Demolition Man was the set opener bringing the anticipating crowd to the quick reality of holy cow this is going to be great night! Copeland's signature quick beats and fiery fills were on full display as the sound system had plenty of punch to get his point across. King Of Pain and Murder By Numbers were the next two songs, the three singers voices blended beautifully together, giving the songs angelic nuance with extraordinary vocal power and control. Roxanne was the fourth song and Copeland said, "you may not recognize this one at first, we mixed it up a bit!" It was cool and melodic and yes, a bit disguised at first, but then it came around to its familiarity and singalong qualities. It was a wonderful display of creativity and presentation.
The set was packed with hits from different periods in The Police’s domination of the music world. Tea In Sahara, One World Is Enough, Spirits In The Material World were all in there. The orchestra gave powerful fullness, calm angelic subtle qualities, and divine interpretation of the songs. Copeland's warm and humorous personality shined through as he told stories of how songs originated in different times and places. He talked about his former band mates Sting and Andy Summers and their adventures together. It was much more than a concert; it was a history lesson of another time and it was very relatable to the audience as we were right there with them on the exploration. All we had to do was turn on the radio to be part of the journey. The Police touched so many lives in so many ways, and their body of work will remain for the world to enjoy long after the lights go down on our generation.

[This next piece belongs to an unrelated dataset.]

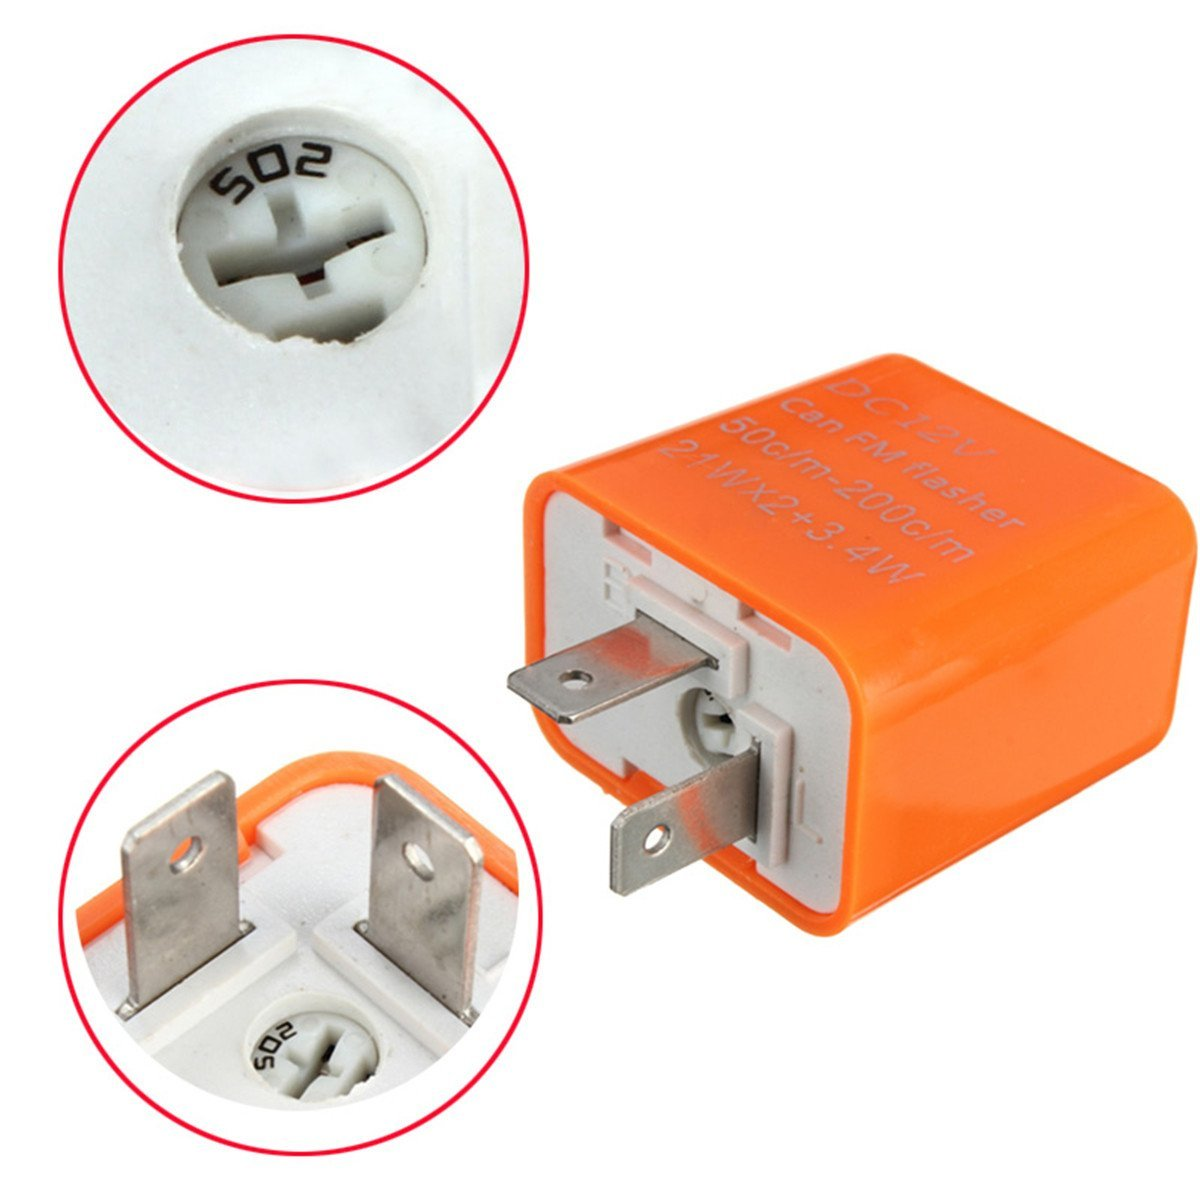 2 Pin 12v Motorcycle Led Turn Signal Flasher Relay Speed Two Based Alarm Circuits Adjustable Indicator Automotive

The show powered through hit after hit, the expectation of what was coming next was a calm nervousness since there are so many great songs you want to hear. It really was amazing to hear all these songs played together live. It was alike the world's greatest compilation album of hits delivered to you all in one fine evening. Also on the magical musical docket was Equalizer, Every Breath You Take, Walking In Your Footsteps, Orchestra Jam, The Beds Too Big Without You, Don’t Stand So Close To Me, Message In A Bottle, Regatta de Blanc, Every Little Thing She Does Is Magic and Walking On The Moon.
What a great performance and a fantastic evening. Thank you to Stewart Copeland and his band, The Fort Collins Symphony Orchestra, The Lincoln Center, and the Bohemian Foundation for giving the fans the gift of music.